Thursday, March 20, 2008

Why the California Ruling Affects ALL Parents

I’m almost afraid to write about the recent California court decision that has freaked out many homeschoolers in that state as well as everywhere else, because most of the things being said about it can be found all over the blogosphere by now.

But columnist Ken Blackwell has makes an important point about this landmark ruling that we parents (not just homeschooling parents but ALL parents) need to be aware of:

It has been nearly 20 years since the United Nations first agreed to codify the Convention of the Rights of the Child into international law and since that time, America has been only one of two member states of the United Nations to have not ratified the Convention.
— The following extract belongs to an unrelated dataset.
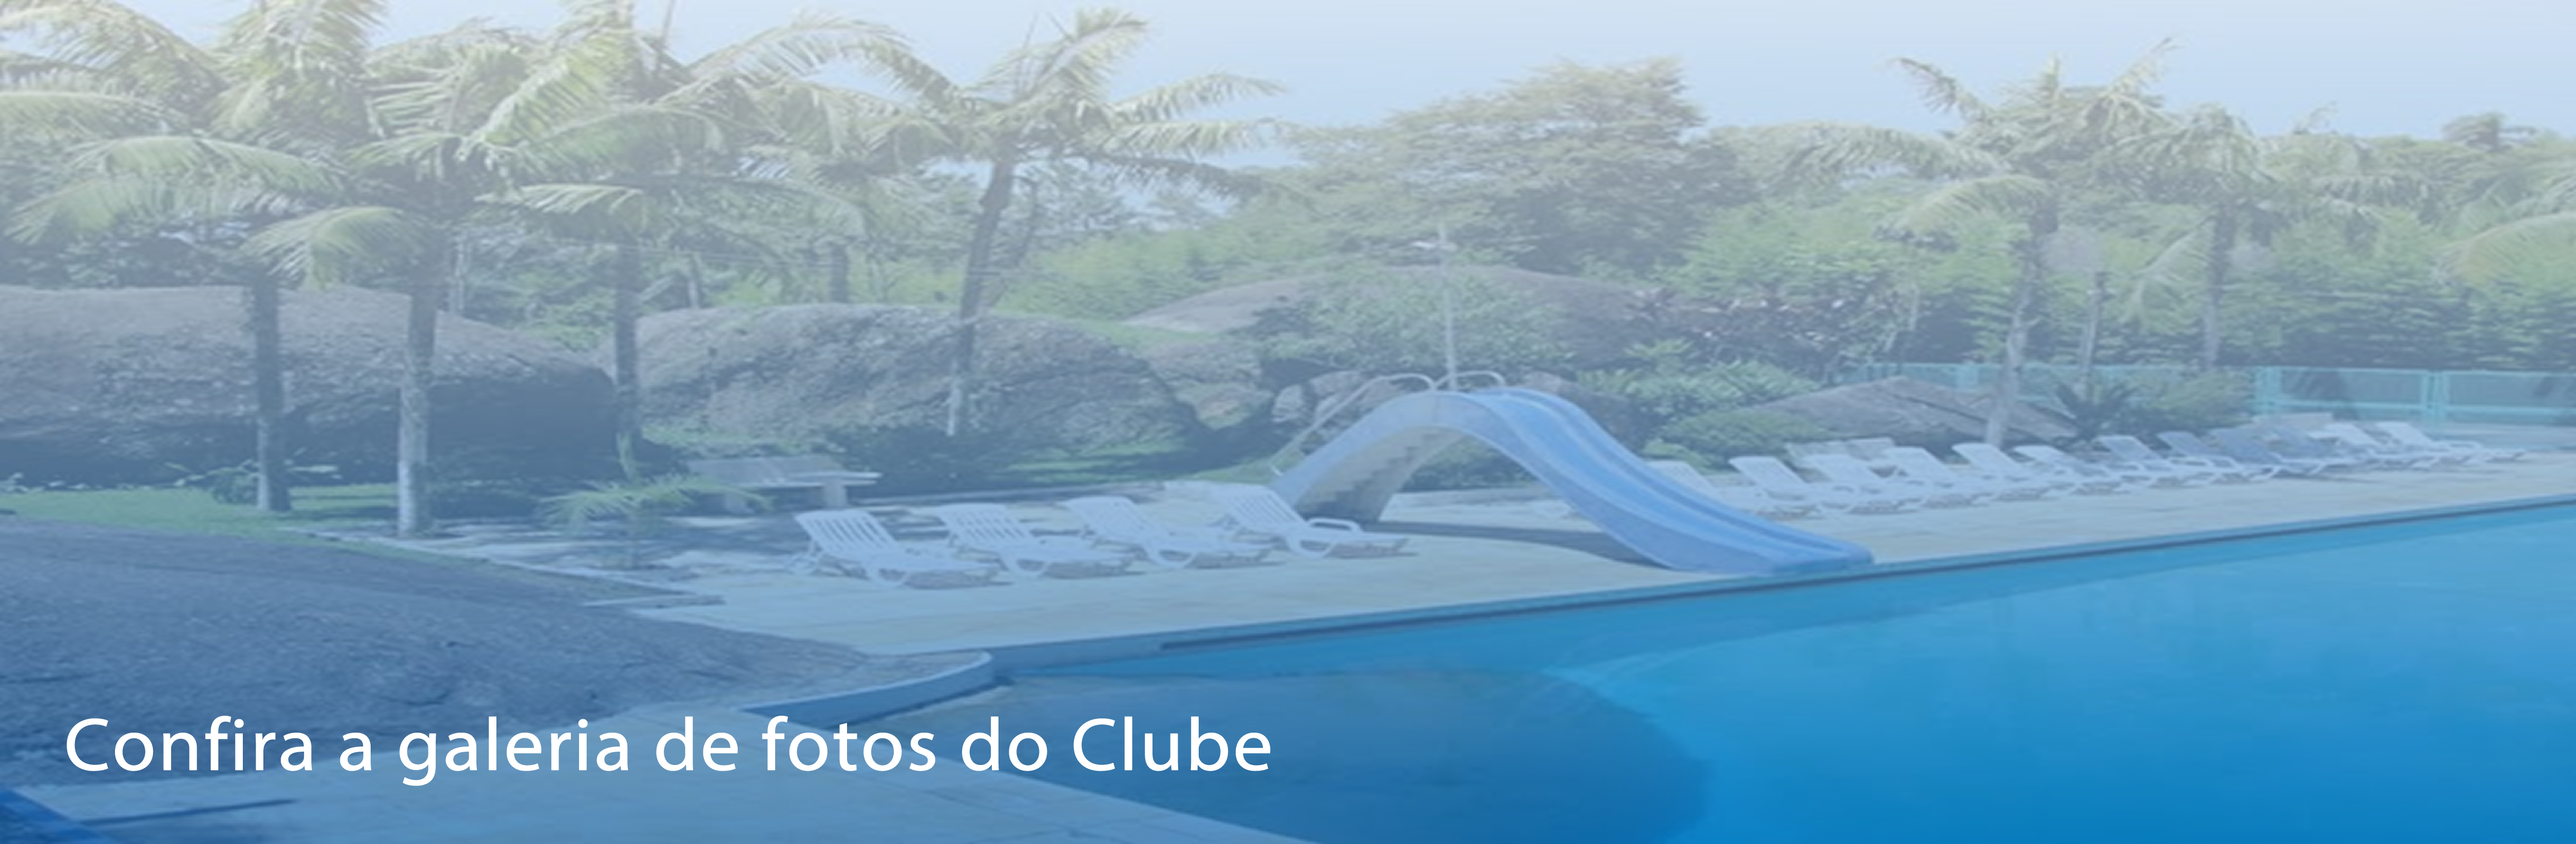 Galeria de fotos Clube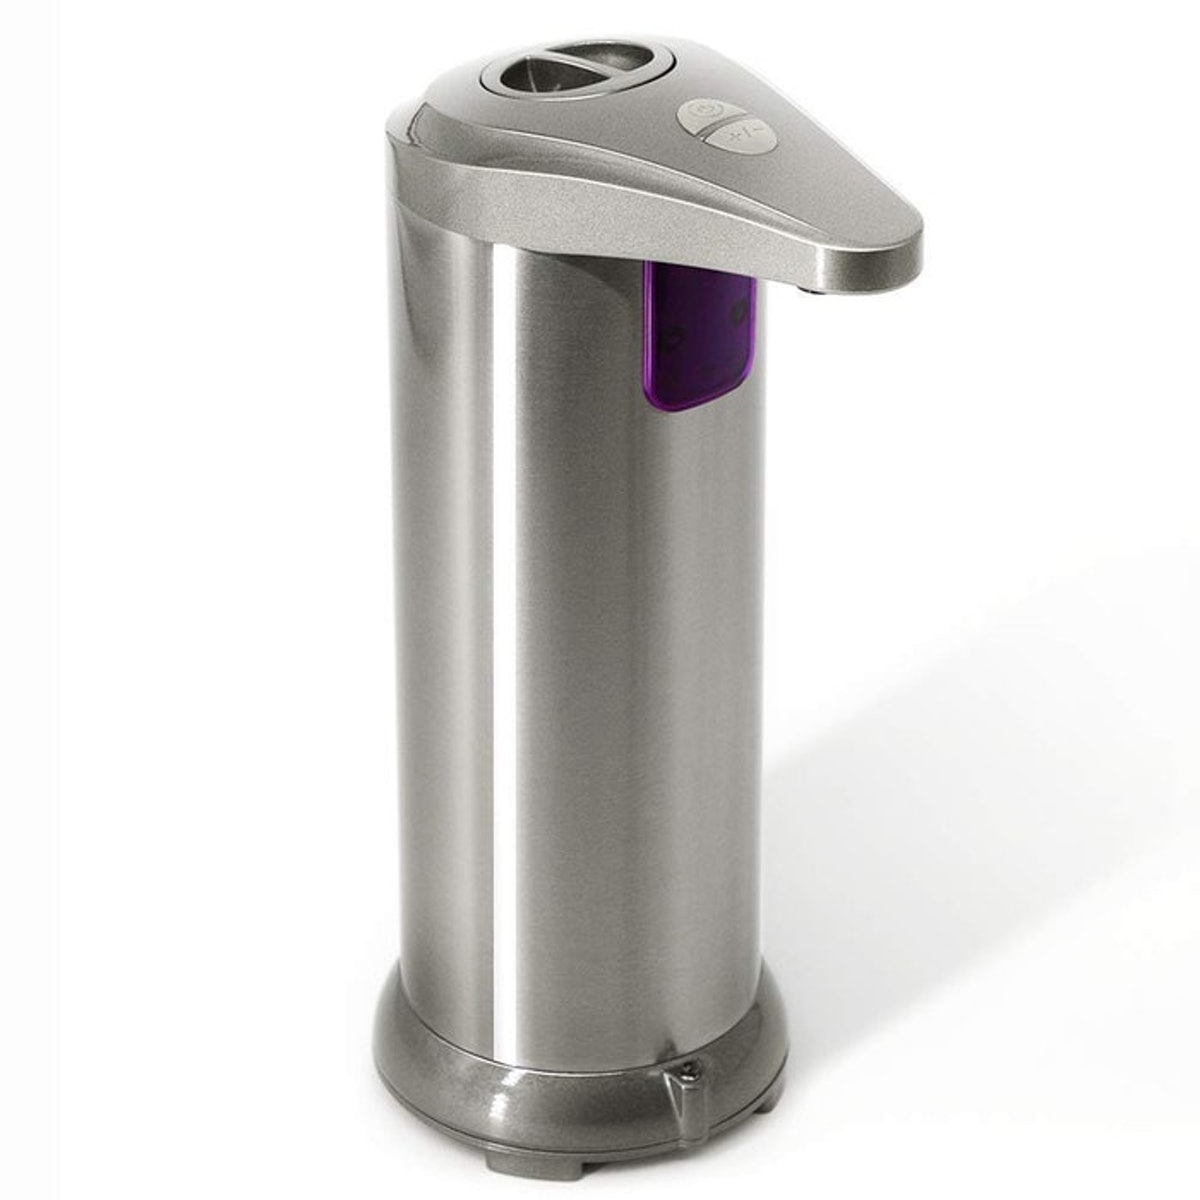 Elechok Soap Dispenser

The California case is a perfect example of why America has not ratified the treaty……..

But, as Blackwell goes on to emphasize in his column, the NEA is a supporter of that U.N. Convention and would love to see us ratify it. If you don’t know what it’s all about, you need to read up on it. The short version is that the “rights” it grants to children are built on the removal of parental rights. And that’s what the California appellate ruling is all about, taking away the right of parents to teach their children.

I’m glad Blackwell is bringing up this aspect of the story, and I hope it gains some legs. I find it even more important than other angles of this story, though they’re certainly not minor issues. Besides the homeschooling aspect, they include:

1) Requiring homeschooling parents to be certified teachers could ultimately hurt private schools, which do not always insist on that requirement for their own teachers.

2) Requiring teachers to be certified could also be applied to substitute teachers. The NEA does not state that California requires substitute teachers to be certified, but they must have a bachelor’s degree at a minimum. This site comes right out and states that CA substitutes don’t have to be certified. If, as this article mentions, the California teacher’s union's members think all students should be taught by certified teachers, shouldn’t CA substitutes be certified before they go after homeschool parents?

3) To become certified in California, you must take the CBEST exam. I’ve written about this before: that test is a joke. See for yourself.